The French-Norwegian Chamber of Commerce and Innovation Norway are both part of Team Norway in Paris and have been strengthening their cooperation in the last few years. How would you explain the success of this cooperation?

First of all, I think we recognised early that we have common interest. We are simply stronger together. The complementary competence and networks of Innovation Norway and CCFN, both in Norway and in France, help us connect the right partners at the right time and place. The Team Norway strategy for France is strongly supported by all Team Norway partners, as it has been developed by the team members themselves, and gives clear priorities. This makes it easier to work together towards common goals. The cooperation is also in constant development, showing an eagerness to explore new business opportunities and test new business models, in order to create opportunities for Norwegian and French companies in both markets.

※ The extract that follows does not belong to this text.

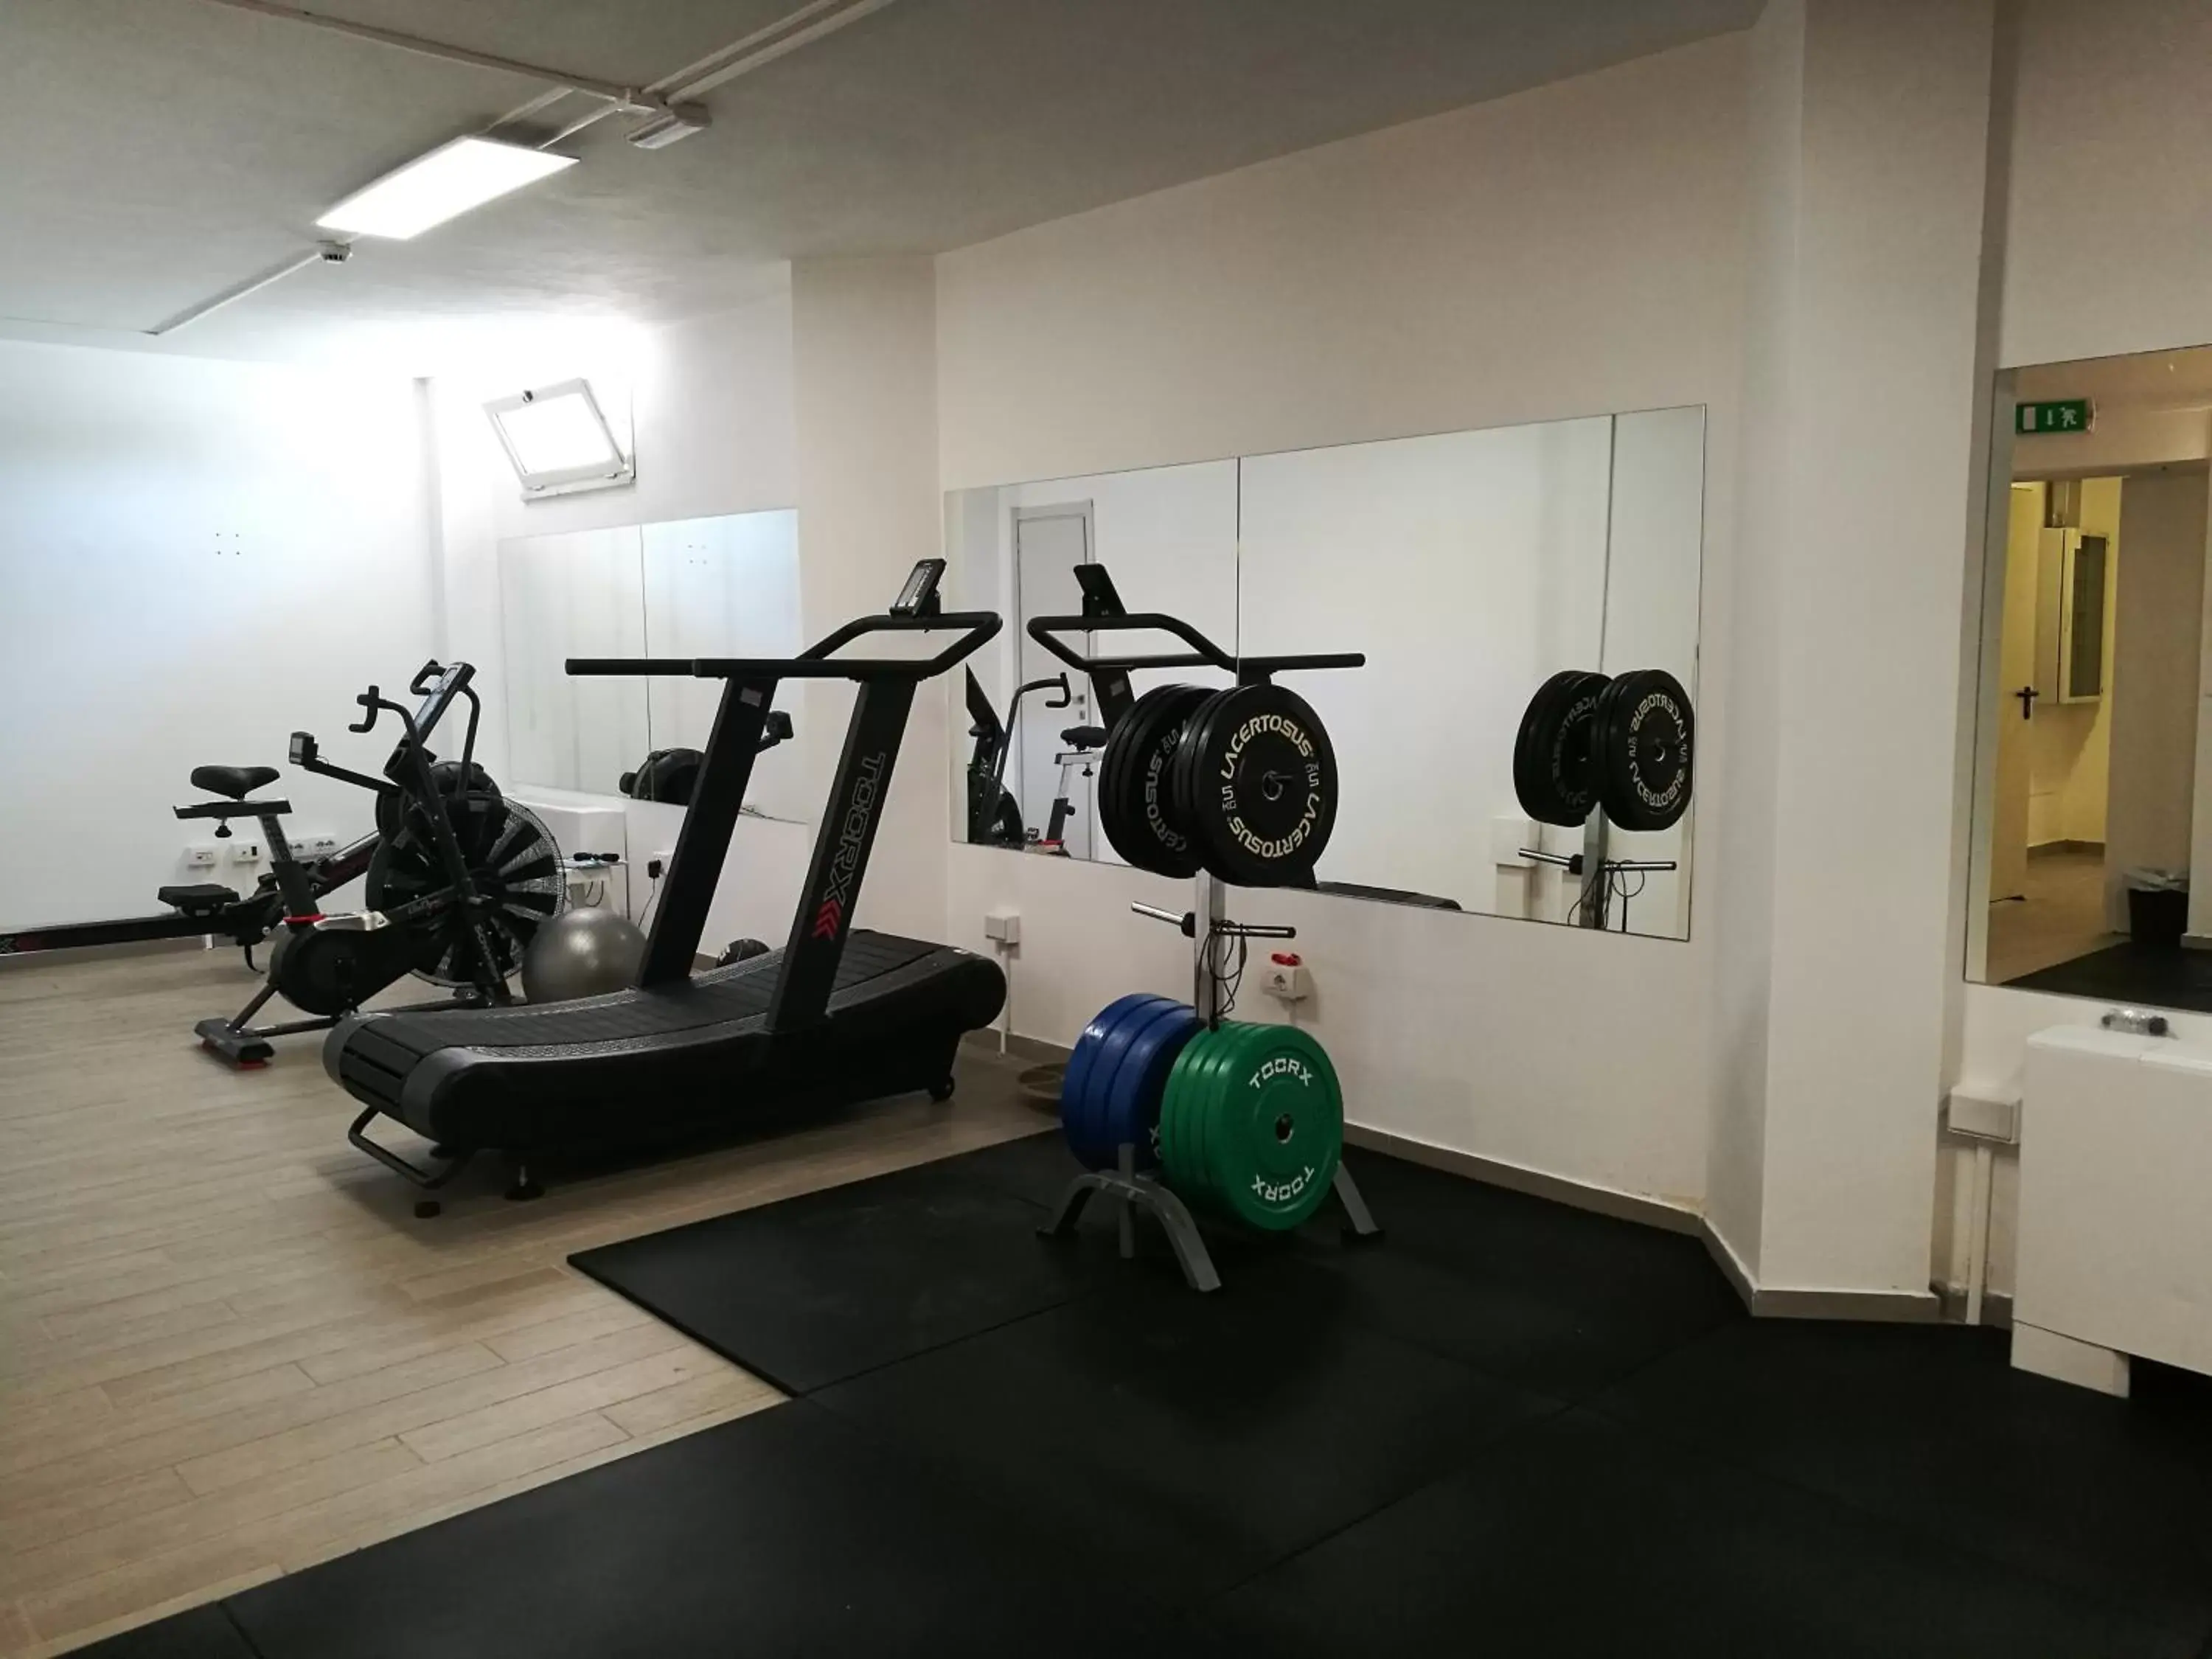 Fitness centre/facilities, Fitness Center/Facilities in Alma di Alghero Hotel

My Innovation Norway colleagues on the ground also tell me that the cooperation is marked by openness, trust, and generosity, and that this goes for all of Team Norway, which also includes the Norwegian Embassy in Paris, and NORWEP. This I guess, is the “secret sauce” to all successful cooperation.


We have several common projects on the agenda such as business expeditions to France in the maritime and aviation sectors, a webinar on batteries and a French-Norwegian Green Industry Forum in Paris on 16 January. What cooperation opportunities do you foresee for 2024?

As Danish physicist Niels Bohr said, it is difficult to make predictions, especially about the future! Not many foresaw the rapid accessibility of ChatGPT, or the energy transition acceleration we now see due to the war in Ukraine. I think the current Team Norway strategy will remain valid still some time: Green mobility, clean energy and sustainable societies will most likely continue to be high on the agenda for a long time to come. We are currently launching an export program directed towards the green maritime sector, and we are continuing to promote French-Norwegian collaboration on offshore wind. Infrastructure for electric mobility is an area where Norway has a lot to offer, both on land and for maritime use. Agritech and digital health are areas where Norway and France have complementary needs and solutions. The Green Industry Forum in January 2024 will be an important French-Norwegian arena to discuss common areas of interest in order to decarbonise across several sectors. Also, I think we need to explore the digital space further: Cybersecurity, FinTech and AI are evidently examples high on this list.